■ Work instruction: Exactly as written, print every line of the listing below and omit its pictures.

■ Source data:
☆ ☆ ☆ ☆ ☆ ☆ ☆
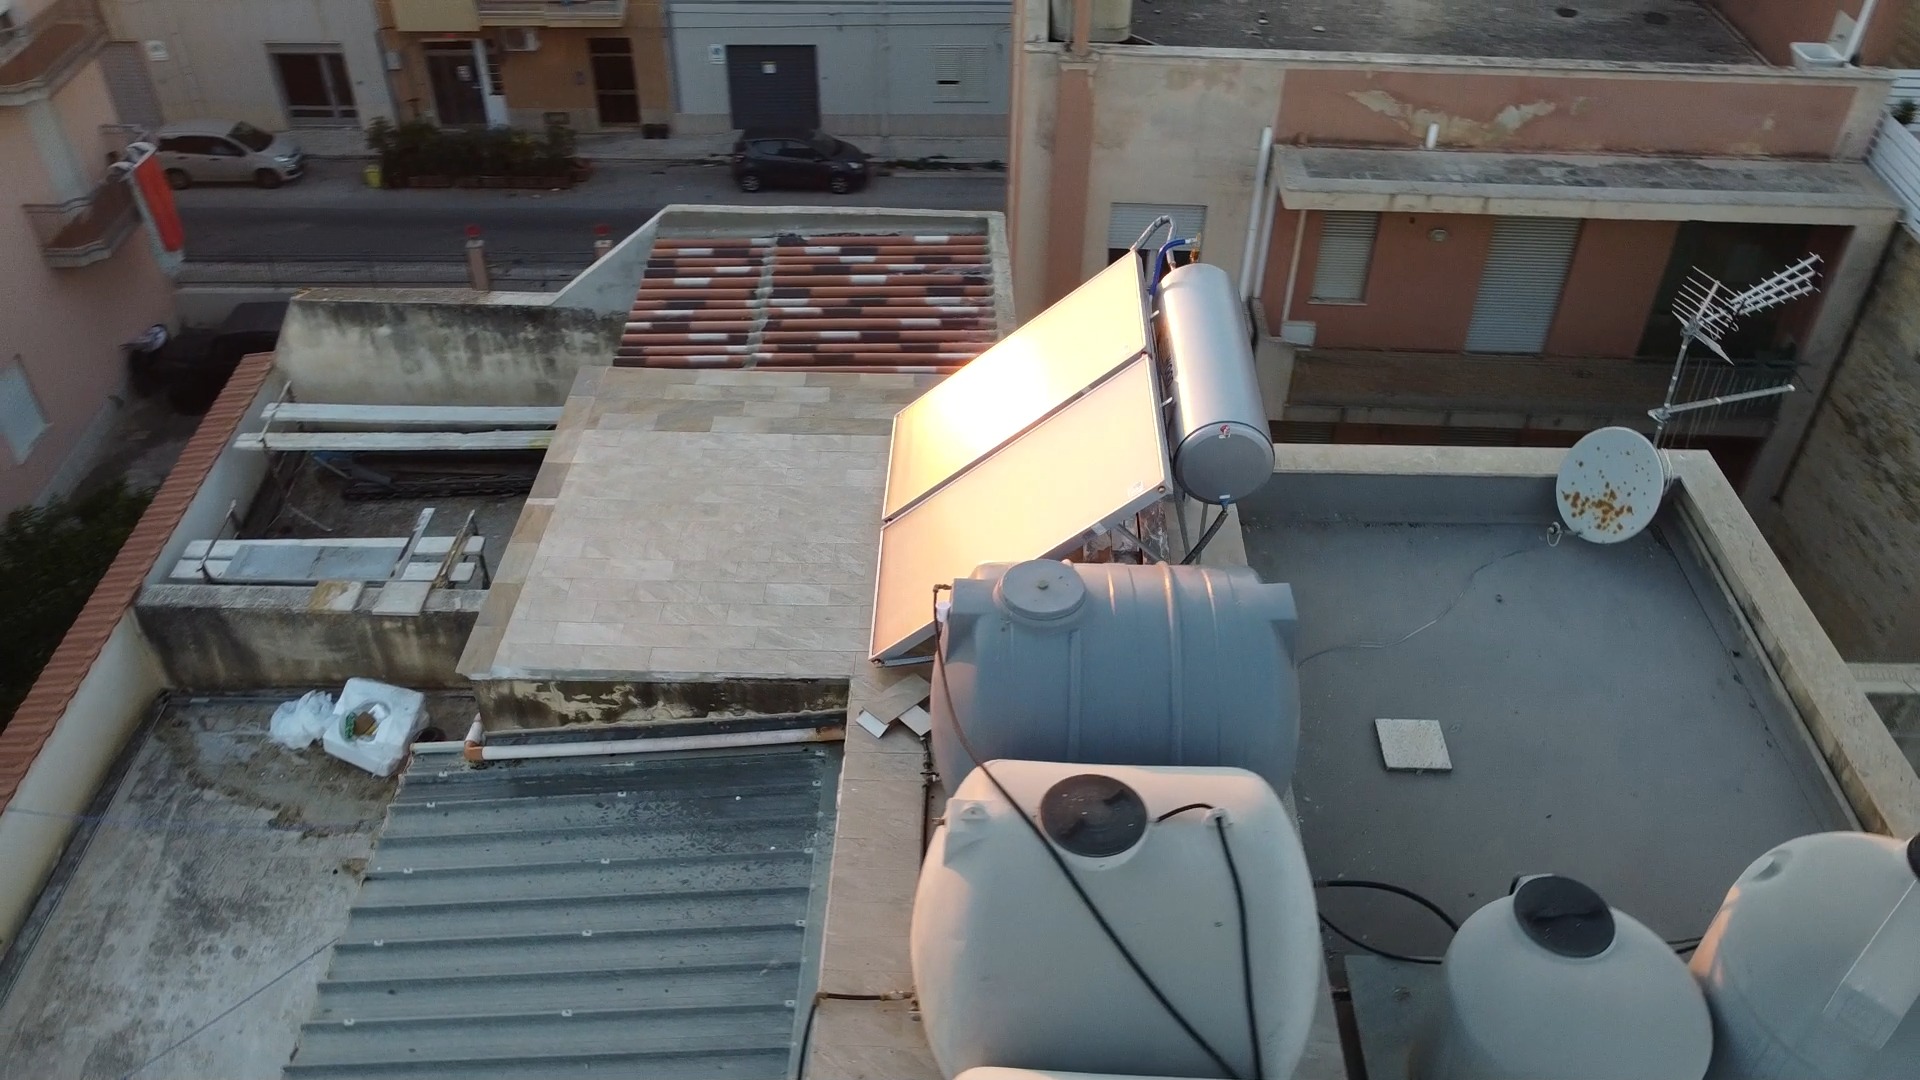 ✅ Nuova installazione Sit Impianti

➡ Impianto #SOLARE #TERMICO 🏠🌞💡

Sfrutta l'energia
☆ ☆ ☆ ☆ ☆ ☆ ☆
■ Answer section:
 ✅ Nuova installazione Sit Impianti

➡ Impianto #SOLARE #TERMICO 🏠🌞💡

Sfrutta l'energia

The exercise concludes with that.